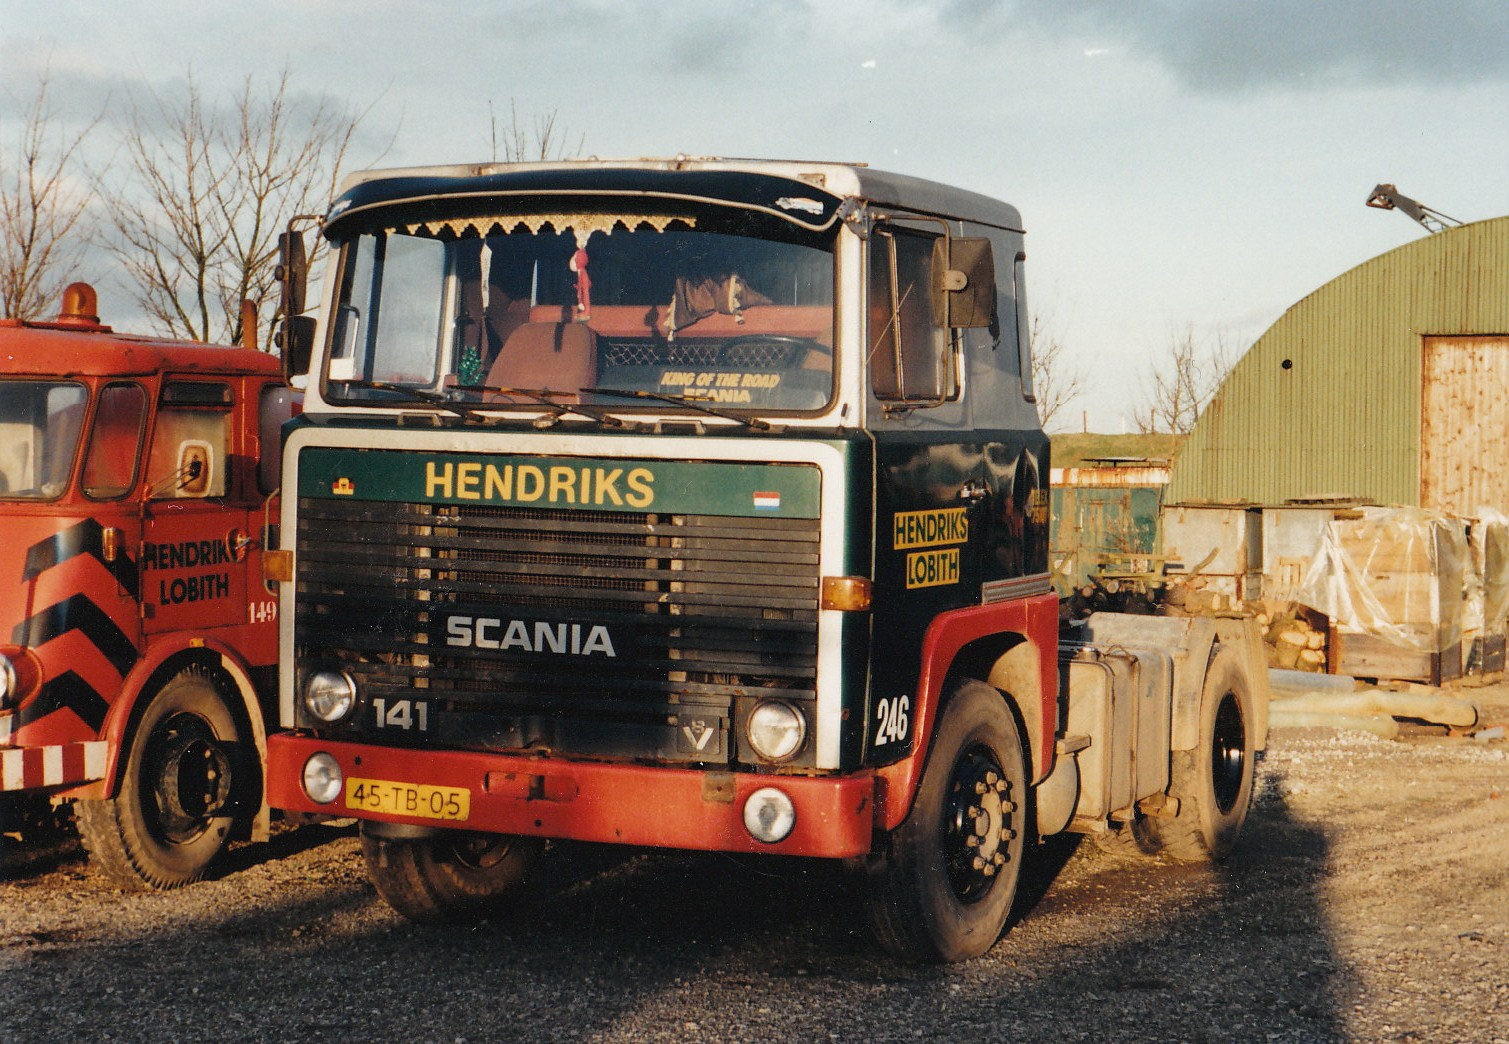 Hendriks-Lobith-Scania-LB141-45TB05
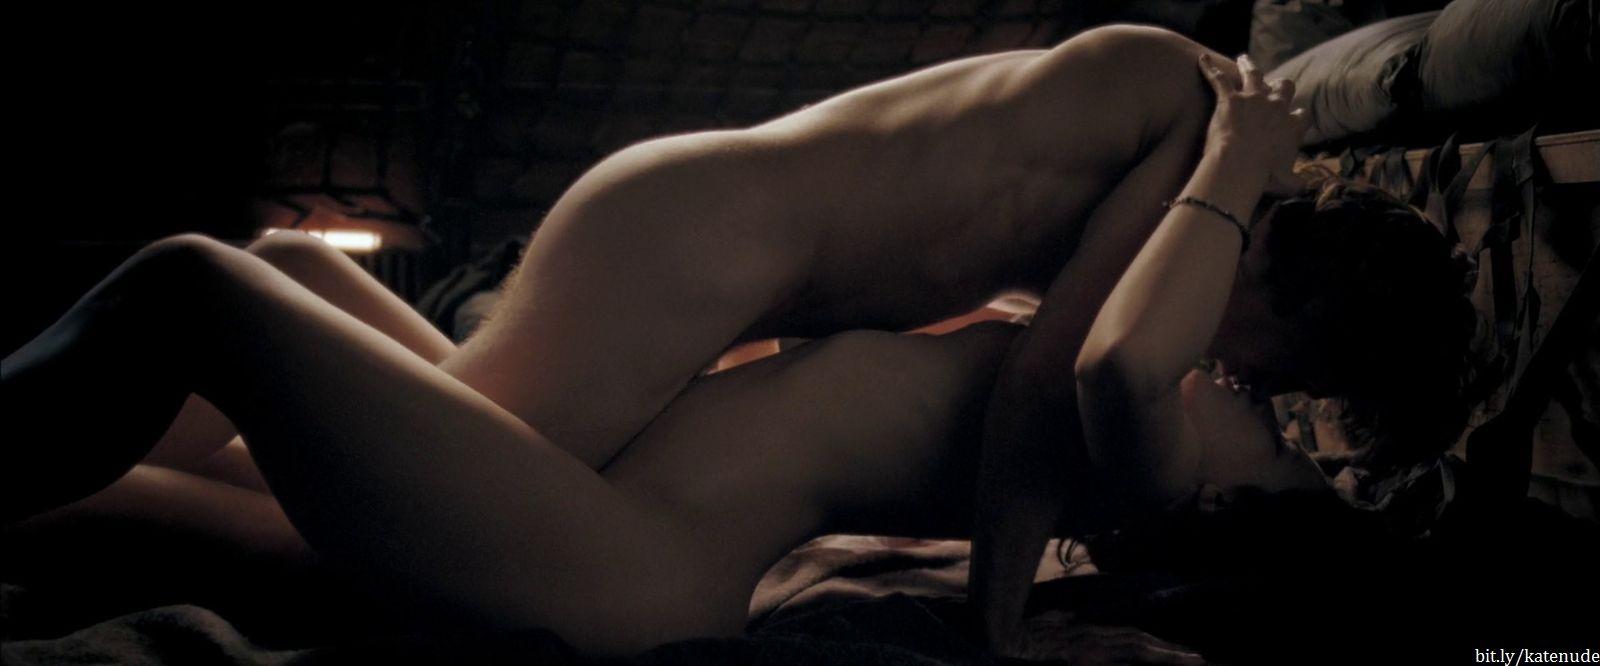 nude scene beckinsale Kate
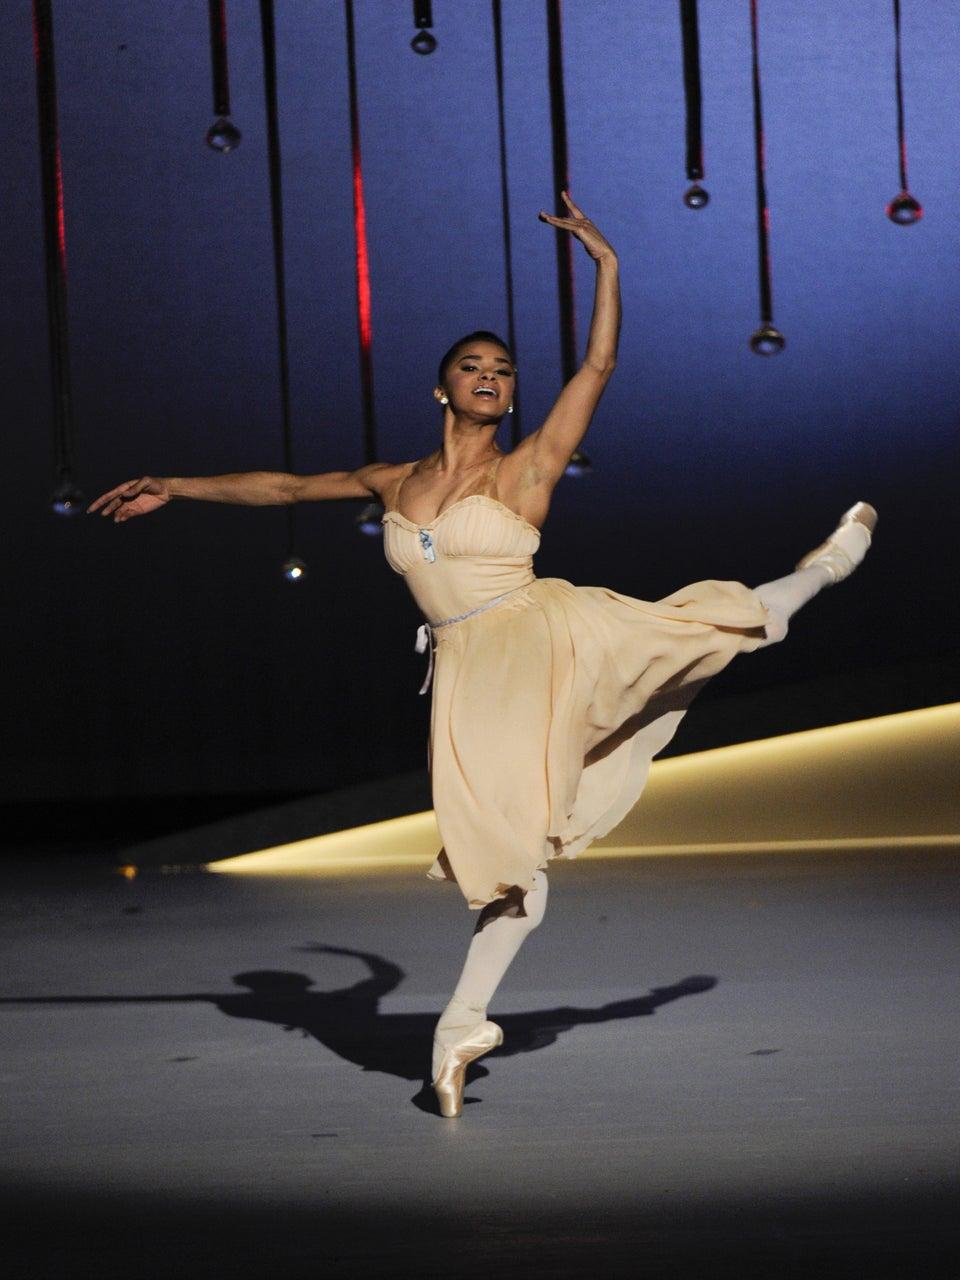 #BlackGirlMagic! Misty Copeland Becomes First Black Principal Ballerina at American Ballet Theater

__________________________________________________

Without the pictures, retype all of the data above exactly.

 Hendriks-Lobith-Scania-LB141-45TB05
 nude scene beckinsale Kate
 #BlackGirlMagic! Misty Copeland Becomes First Black Principal Ballerina at American Ballet Theater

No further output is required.